All detected commands were executed
Report follows the structured format exactly
Overall verdict correctly reflects individual results
Failed checks include error output summary

Rationalizations to Reject

These are common rationalizations that sound reasonable but lead to incorrect results. When you catch yourself thinking any of these, stop and follow the documented process instead.

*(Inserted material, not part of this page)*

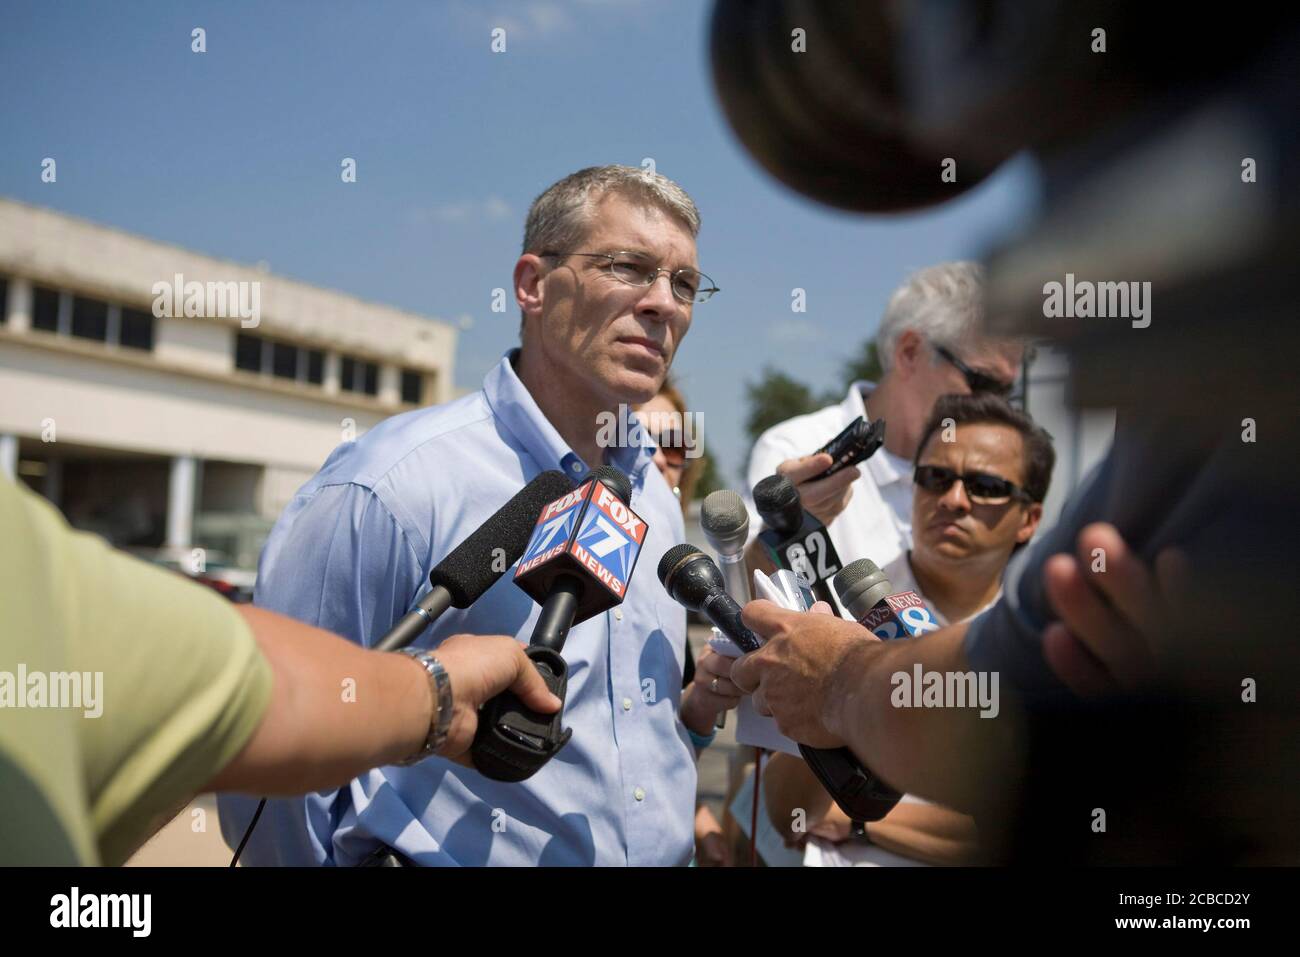 Austin, Texas USA, August 31, 2008: Texas Homeland Security director Steve McCraw briefs reporters during a visit by President Bush to headquarters.  ©Bob Daemmrich Stock Photo

Rationalization	Why It Is Wrong
"The lint command is slow and the code looks clean, so I will skip it"	No skipping. If a command is detected, it runs. Period. There is no "looks clean" judgment call.
"The typecheck failed but it is just a missing type declaration, so I will interpret it as a pass"	The exit code is the only signal. No judgment calls. Exit code non-zero equals FAIL, always.
"I will fix the lint error I found and re-run, since it is a quick fix"	No file modifications. This skill is read-only plus command execution. Fixing errors is the responsibility of the skill that produced the code.

Examples

Example: Node.js Project

Verification: PASS
- Types: PASS (no errors)
- Lint: PASS (0 warnings)
- Tests: PASS (42/42)

Example: Failing Project

Verification: FAIL
- Types: FAIL (3 type errors in src/auth/login.ts)
- Lint: PASS
- Tests: NOT RUN

Gates

No judgment calls. The exit code is the only signal.
No skipping. If a command is detected, it runs. Period.
Fresh execution only. Do not cache results. Do not reuse previous runs. Execute the commands right now.
No file modifications. This skill is read-only (plus command execution). It must not change the codebase.

Escalation

Timeout: Each command has a 120-second timeout. If a command exceeds this, mark it as FAIL with reason "TIMEOUT".
No commands detected: If no typecheck, lint, or test commands can be detected, all three checks are SKIPPED and the overall result is PASS. Log a note that no verification commands were found.
Environment errors: If a command fails due to missing tooling (e.g.,
```
tsc
```
not installed), mark it as FAIL. Do not attempt to install the tooling.